▶ Supplied material:
*** Block opens ***

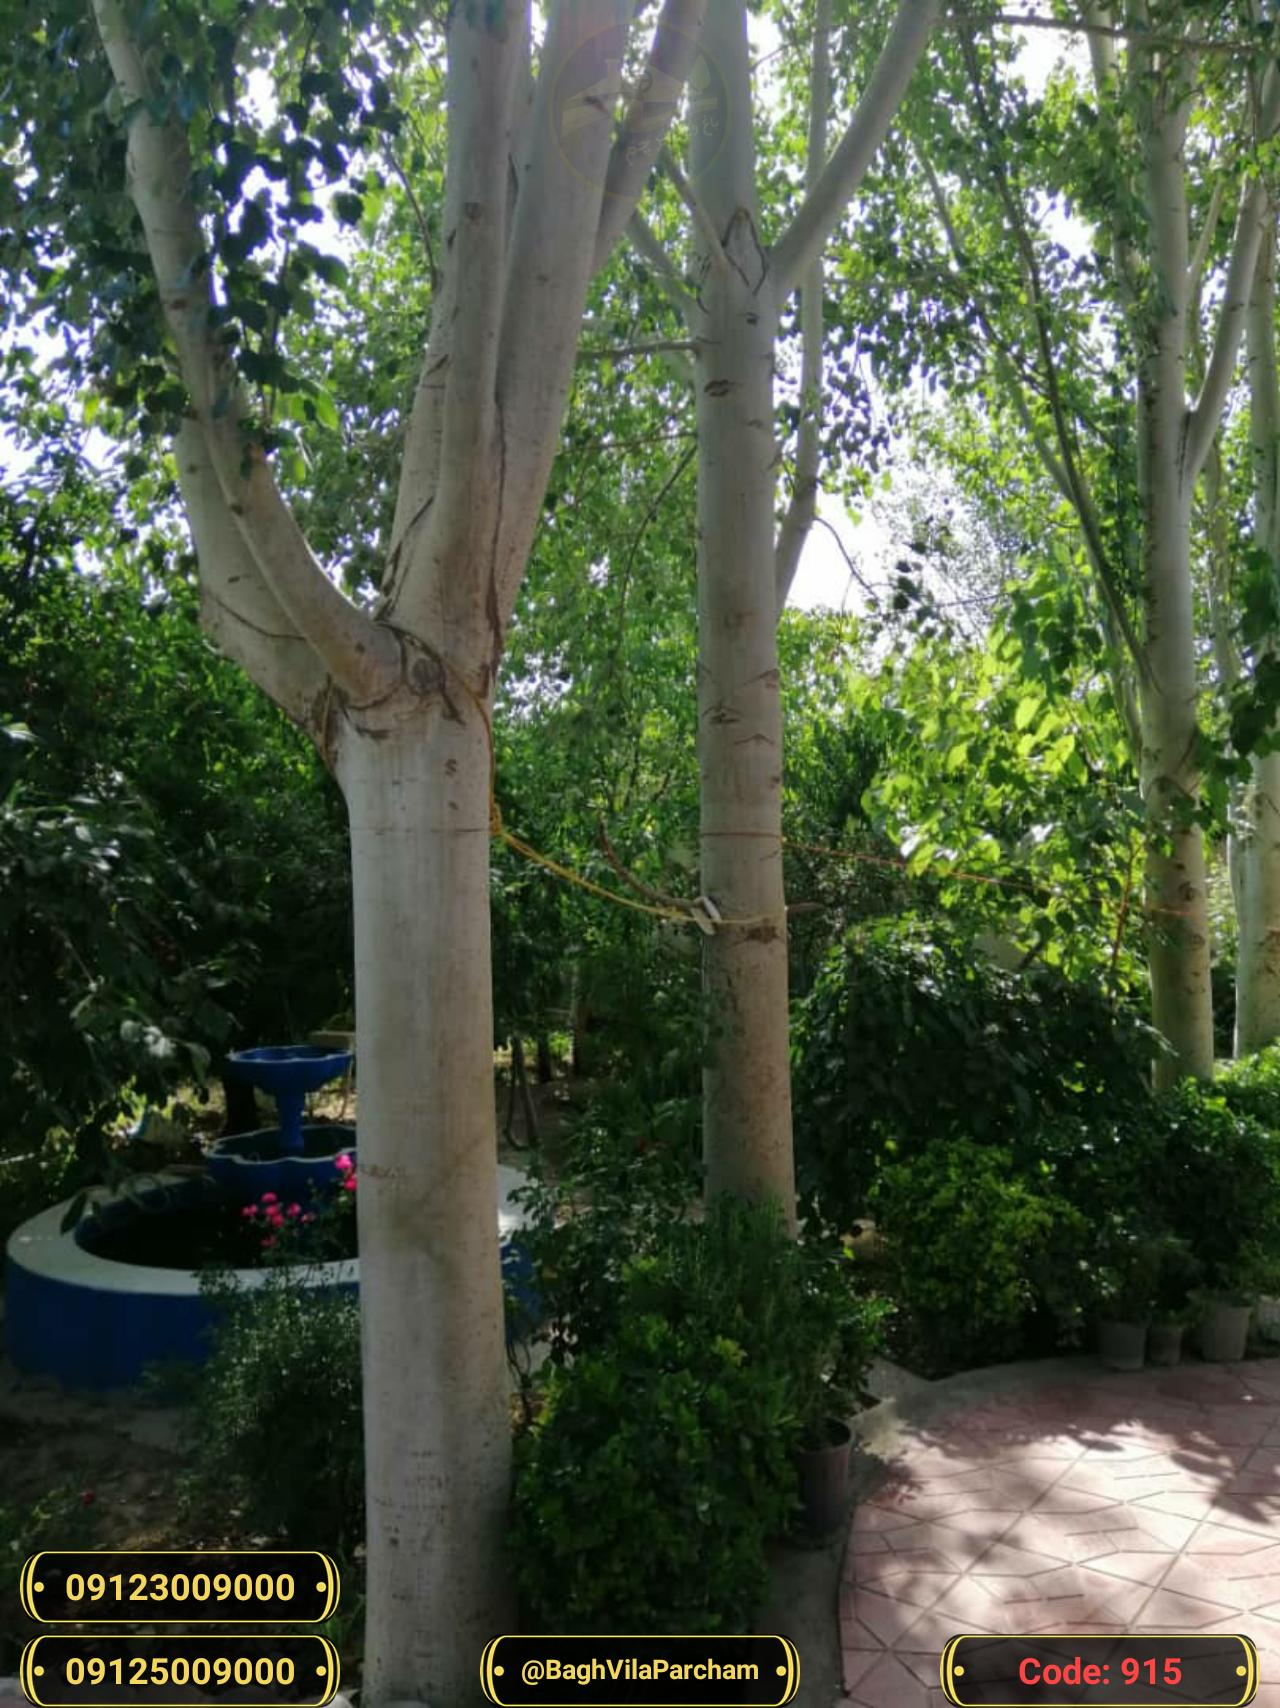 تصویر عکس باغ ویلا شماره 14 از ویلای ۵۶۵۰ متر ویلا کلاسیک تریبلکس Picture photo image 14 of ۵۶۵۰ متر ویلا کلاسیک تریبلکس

*** Block closes ***
*** Block opens ***

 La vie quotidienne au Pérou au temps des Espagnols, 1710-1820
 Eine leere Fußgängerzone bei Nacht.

*** Block closes ***

▶ Problem to work on: Write down, word for word, the lines above from the one containing "La vie quotidienne" through the one containing "Eine leere Fußgängerzone bei Nacht.", both ends included.

▶ Completed exercise:
 La vie quotidienne au Pérou au temps des Espagnols, 1710-1820
 Eine leere Fußgängerzone bei Nacht.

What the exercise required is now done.